0

I'm trying to improve with regex as I'm tired of constantly having to look up existing solutions instead of creating my own. Having a bit of difficulty understanding why this isn't working though:

Trying to extract both phone numbers from the following string (numbers and address are random):

+1-541-754-3010 156 Alphand_St. <J Steeve>\n 133, Green, Rd. <E Kustur> NY-56423 ;+1-541-914-3010\n"

So I'm using the following expression:

 /\+(.+)(?:\s|\b)/

These are the matches I'm getting back:

  1. 1-541-754-3010 156 Alphand_St.
  2. 1-541-914-3010

So I'm getting the last one correctly, but not the first one. Based on the expression, it should match anything from between a + and a space/boundary. But for some reason it's not stopping at the space after the first number.
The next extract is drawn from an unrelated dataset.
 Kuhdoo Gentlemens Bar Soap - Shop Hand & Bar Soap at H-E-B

Am I going about this the wrong way?

Tim Baker
  • 35
  • 1
  • 7
  • First of all, your regex won't even return the matches you mentioned because you're using a [greedy match](https://www.regular-expressions.info/repeat.html). Second, you need to understand what a [word boundary (`\b`)](https://www.regular-expressions.info/wordboundaries.html) is (note that `-` IS a word boundary). And finally, you shouldn't really be using a [dot](https://www.regular-expressions.info/dot.html) when all you want to match is numbers and hyphens. – 41686d6564 stands w. Palestine Jul 29 '18 at 05:27
  • Also, add a language tag and show how you're applying the regex. – Mad Physicist Jul 29 '18 at 06:00

2 Answers2

0

In the format you provided for the search string, and since you are starting with a literal "+", I would just include the next following string of decimals and separators, like the hyphen:

/\+([0-9\-]+)/

Your ".+" says to match everything until there's a \s. However that also includes \s on the way to the \s.
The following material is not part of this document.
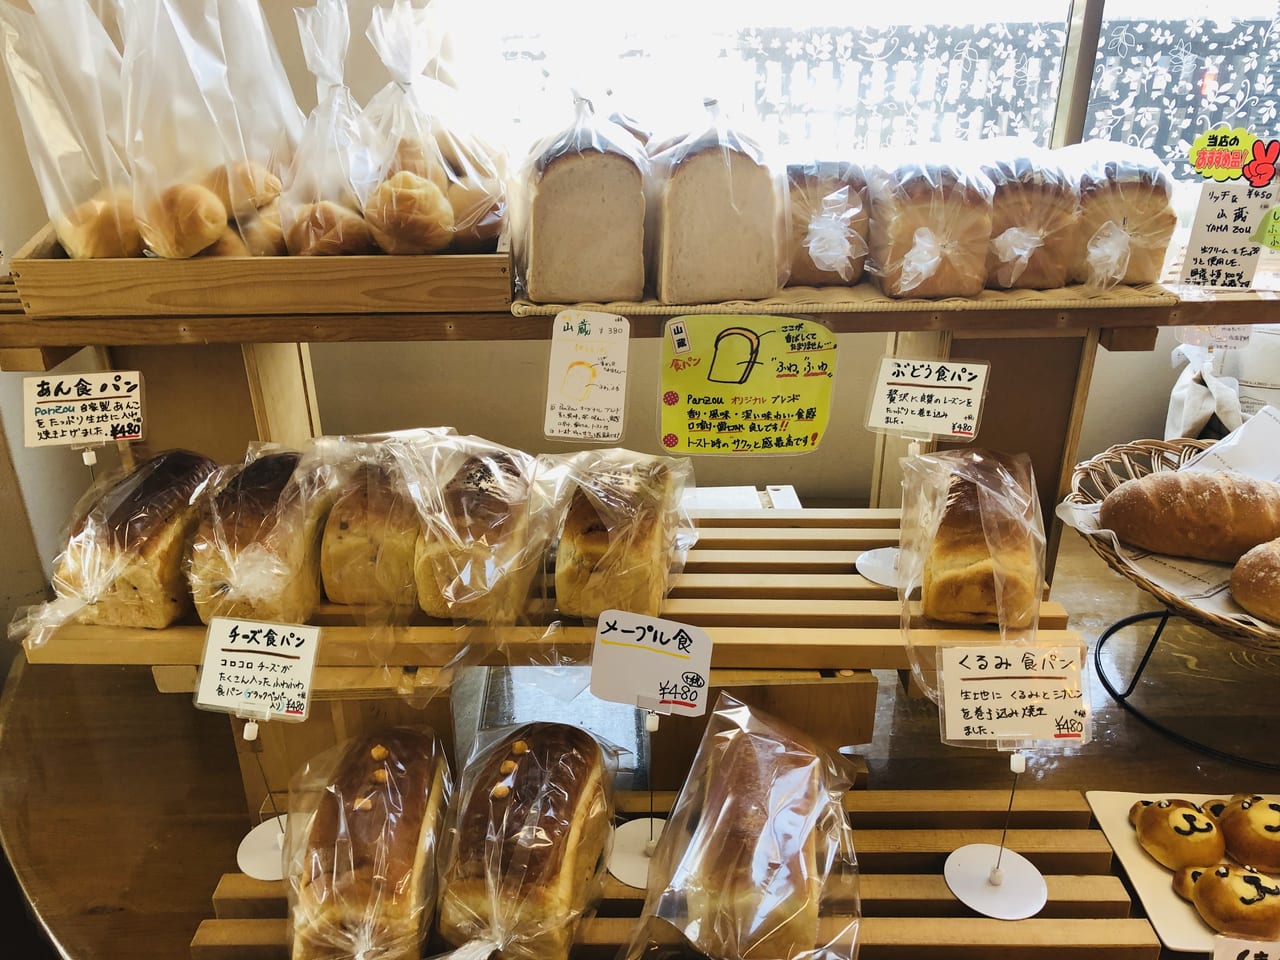 栃木市 倭町のパン屋 Panzou さんには珍しい食パンがたくさんありました 号外net 栃木市

  • Oh, I suppose that makes sense. Is there anyway to use .+ up until a specific character? Or to exclude a character from . – Tim Baker Jul 29 '18 at 05:28
  • Well, yes there is, with /\+(.+?)\s/ like spoken about below, the ? will make it lazy and it will try to match as few times as possible. I would still use searching for decimals like my answer and the one below. – Freddythunder Jul 29 '18 at 05:36
  • This (and CertainPerformance's answer as well) might (or might not) be sufficient for the OP's requirements, but be aware that it will also match things like `+----`, for example. @TimBaker Matching phone numbers [isn't that simple](https://stackoverflow.com/q/123559/4934172), _specially if you expect to match different formats_. If, however, all you have to match is one format, it might be simpler but you'd need to write something specifically for that format. Example: [`\+\d{1,2}-\d{3}-\d{3}-\d{4}`](https://regex101.com/r/cHVXgf/1). – 41686d6564 stands w. Palestine Jul 29 '18 at 05:43
0

Remember that dashes - are not word characters, so \b will match between, for example, 1- and -5 and so on. Also, your current regex is greedy - it'll try to match as many characters as it can with the repeated ., which is why it goes all the way to the end of the first line (because after the last character in the line matches \b). Making it lazy (with .+?) wouldn't fix it, though, because then it would terminate right after the 1 in 1-541 (because between 1- is a word boundary)

Try using a character set of digits and - instead:

\+([\d-]+)

https://regex101.com/r/ktbcHJ/1

CertainPerformance
  • 356,069
  • 52
  • 309
  • 320